***** Data extract
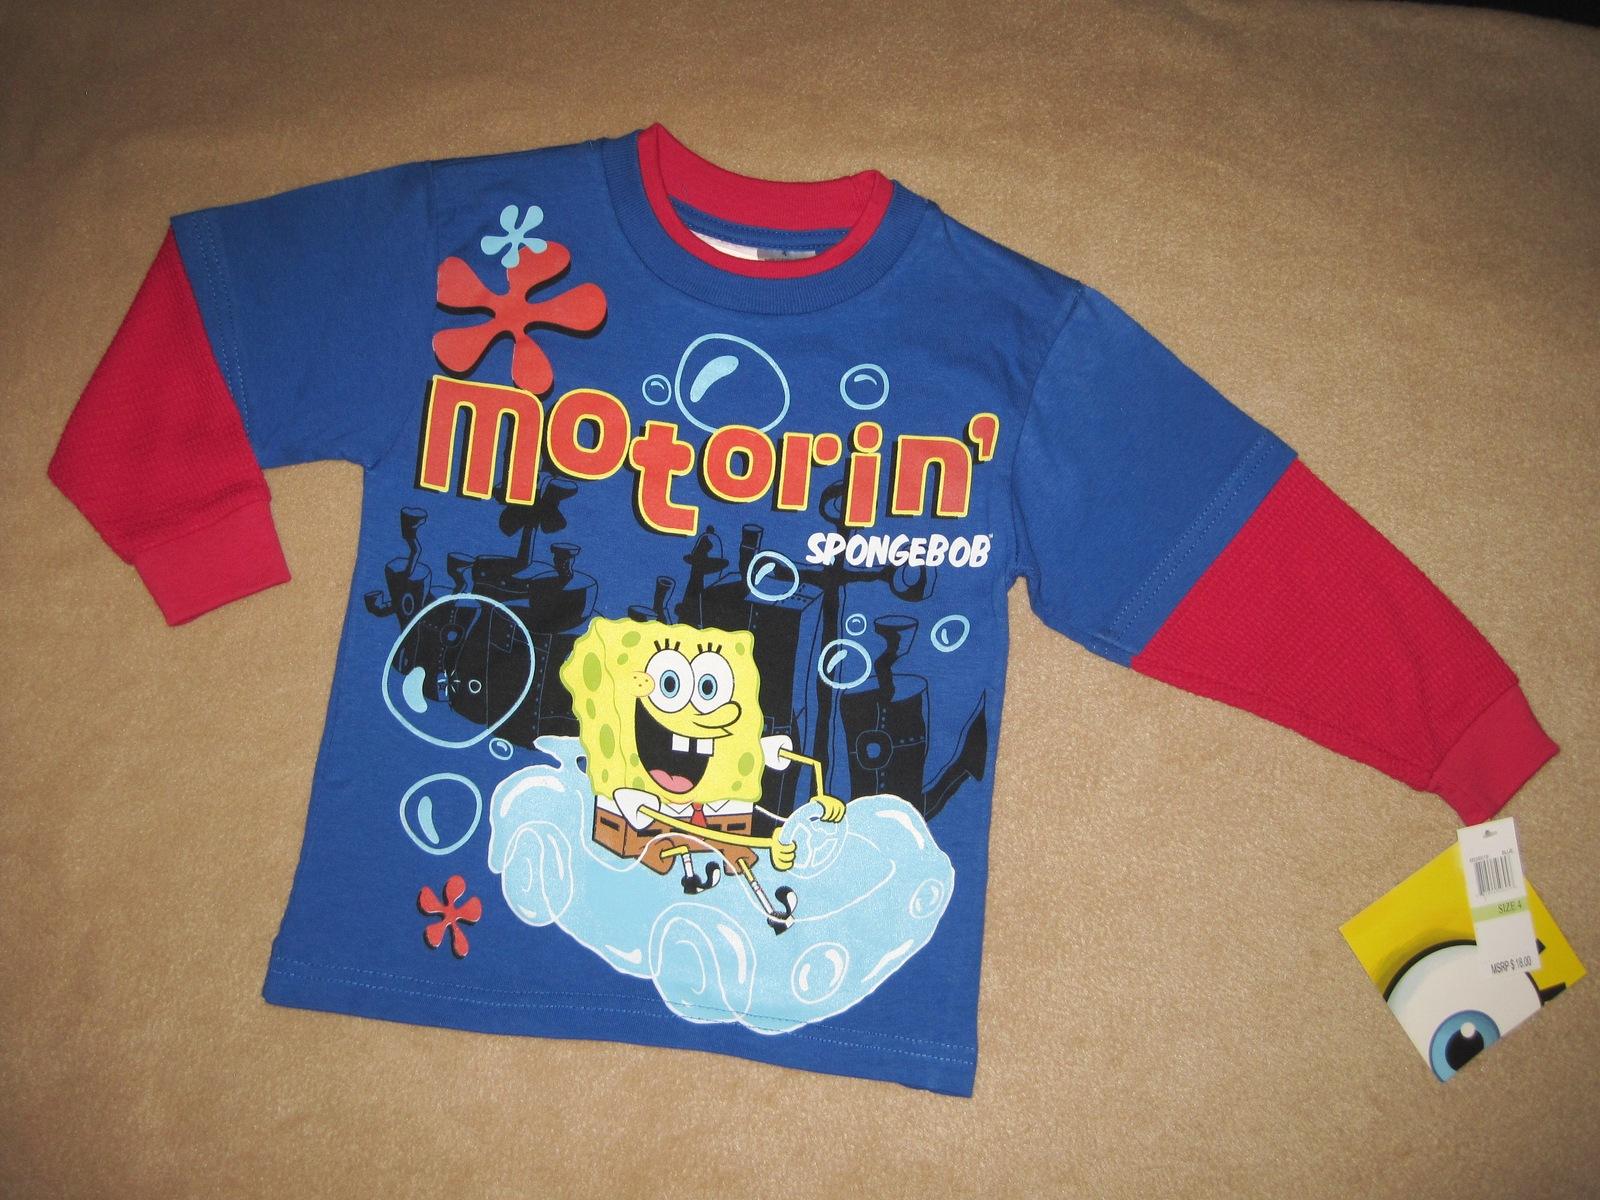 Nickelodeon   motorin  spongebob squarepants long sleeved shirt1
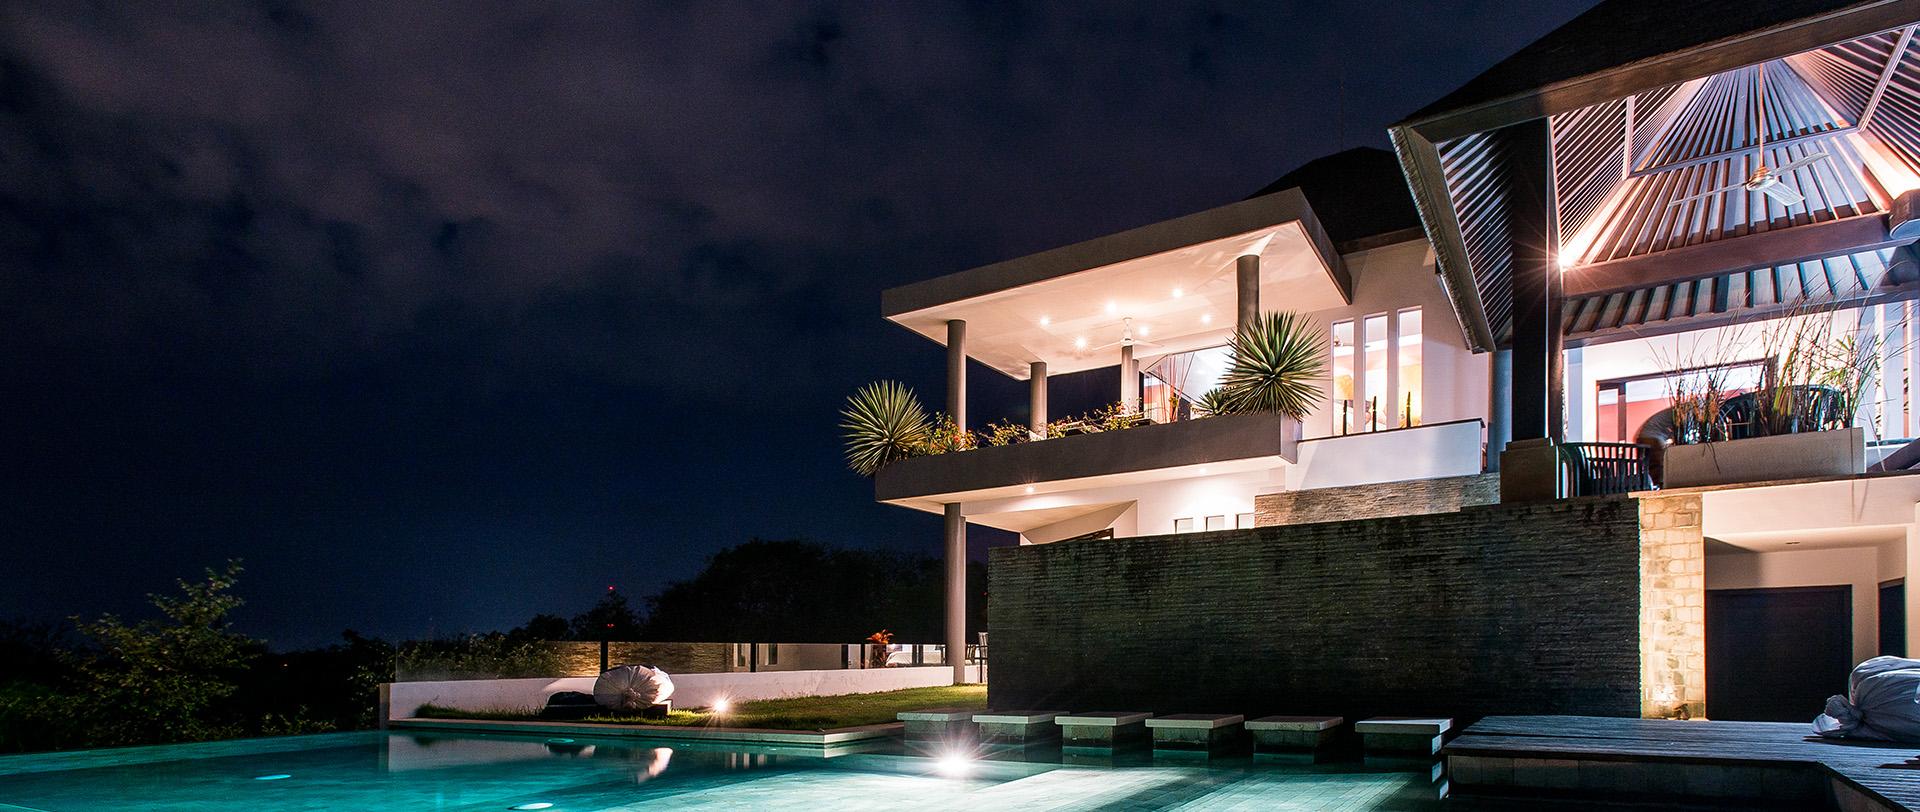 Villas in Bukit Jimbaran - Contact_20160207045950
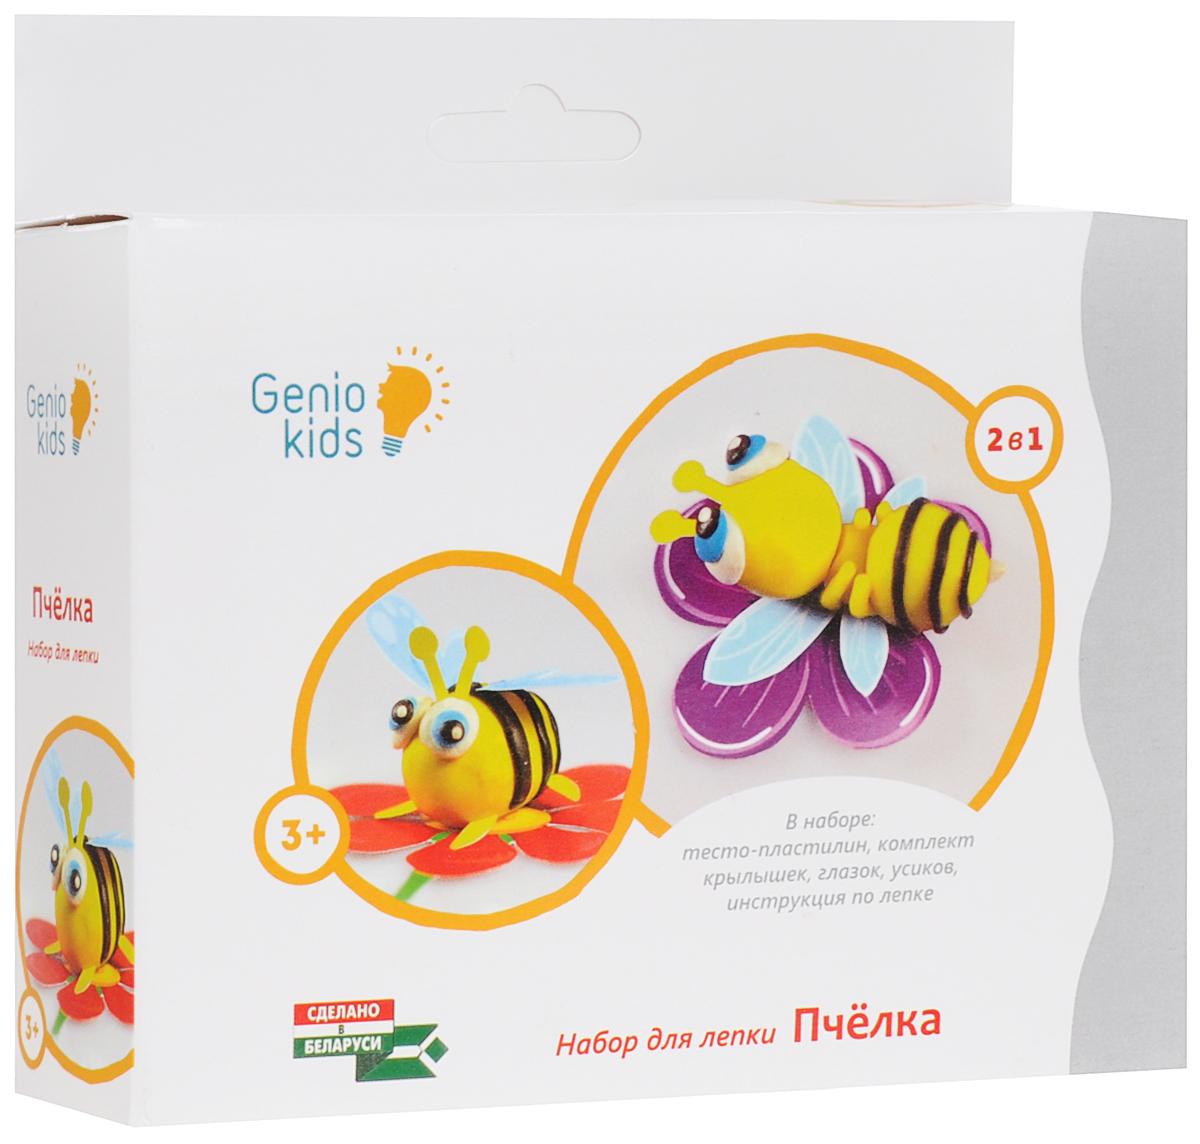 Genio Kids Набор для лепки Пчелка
**********
Return all material verbatim, pictures omitted.

 Nickelodeon   motorin  spongebob squarepants long sleeved shirt1
 Villas in Bukit Jimbaran - Contact_20160207045950
 Genio Kids Набор для лепки Пчелка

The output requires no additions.